Work item: An image-free reproduction of the data below is needed: print it exactly.

Recorded data:

········

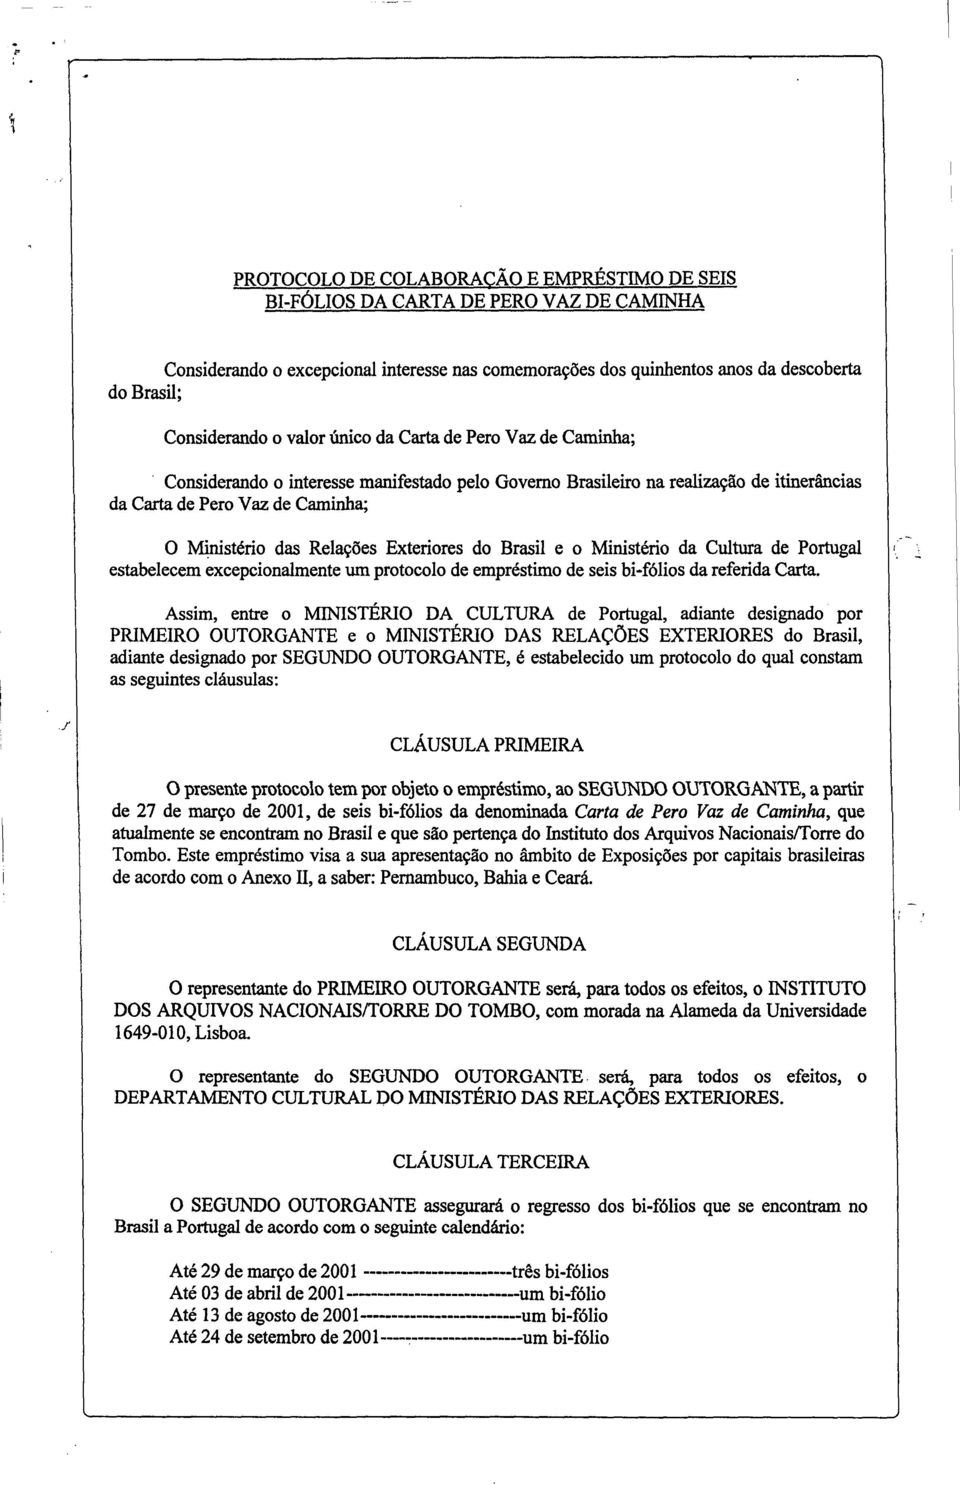 Exteriores do Brasil e o Ministério da Cultura de Portugal estabelecem excepcionalmente um protocolo de empréstimo de seis bi-fólios da referida Carta.
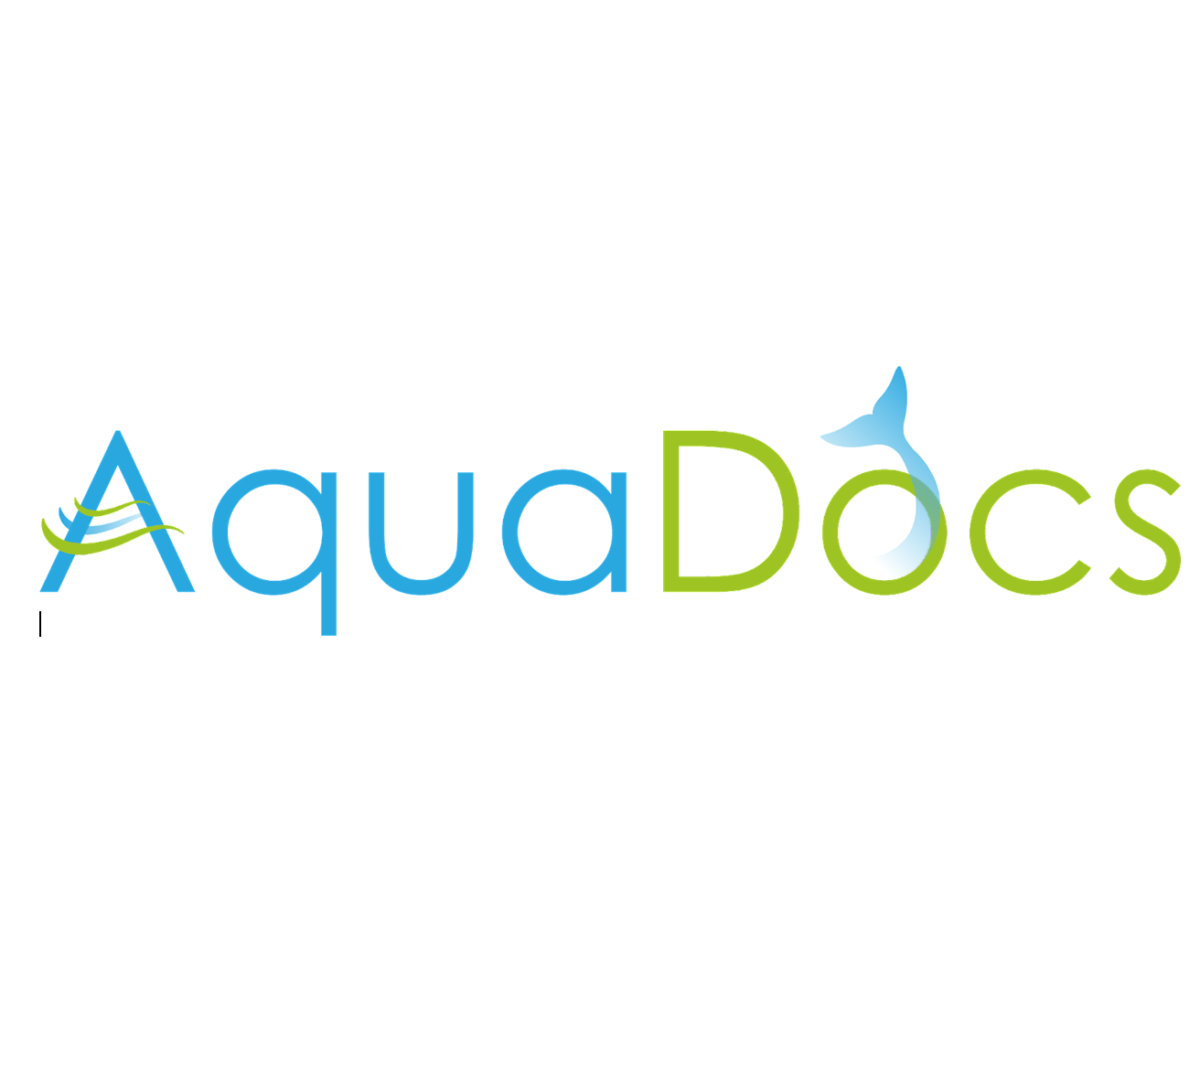 Introducing AquaDocs – a joint open access publications repository
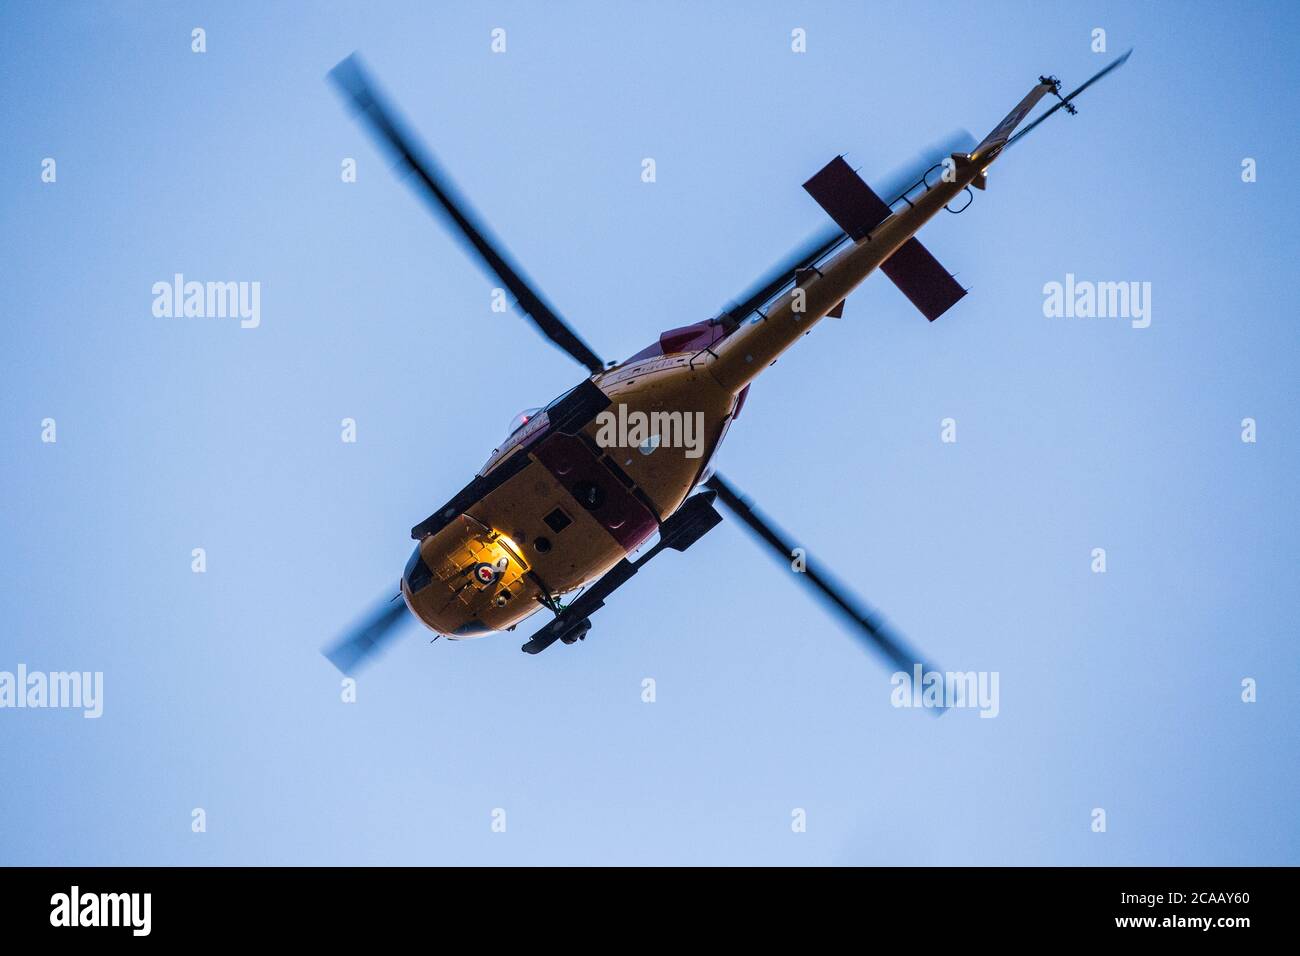 Hélicoptère de recherche et de sauvetage dans le ciel, vue de dessous. Banque D'Images
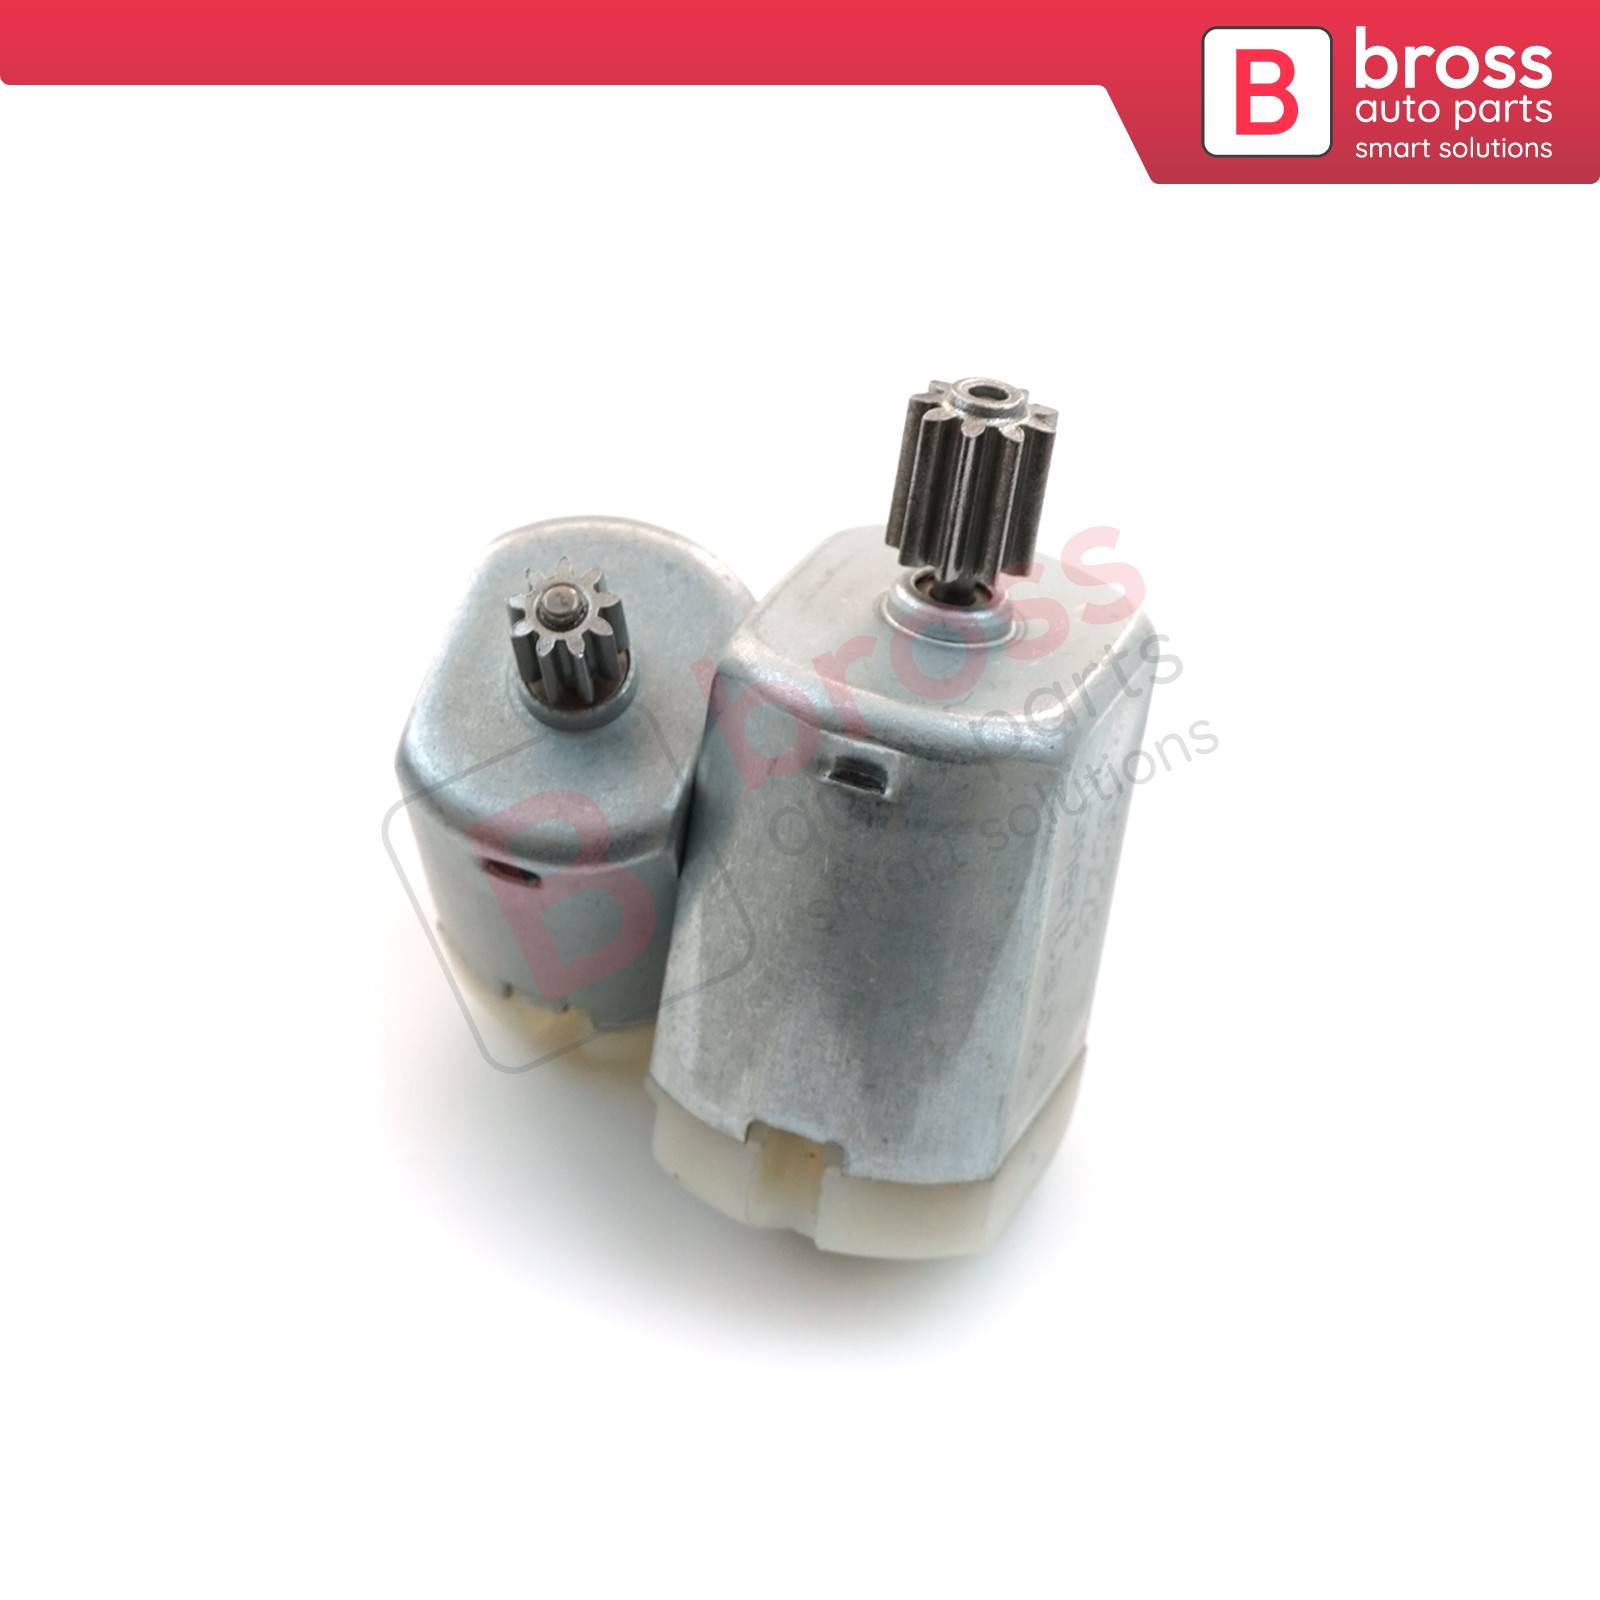 Bross Auto Parts LLC - BGE663 Door Lock 12V DC Actuator Small

········

Task output:
 Exteriores do Brasil e o Ministério da Cultura de Portugal estabelecem excepcionalmente um protocolo de empréstimo de seis bi-fólios da referida Carta.
 Introducing AquaDocs – a joint open access publications repository
 Hélicoptère de recherche et de sauvetage dans le ciel, vue de dessous. Banque D'Images
 Bross Auto Parts LLC - BGE663 Door Lock 12V DC Actuator Small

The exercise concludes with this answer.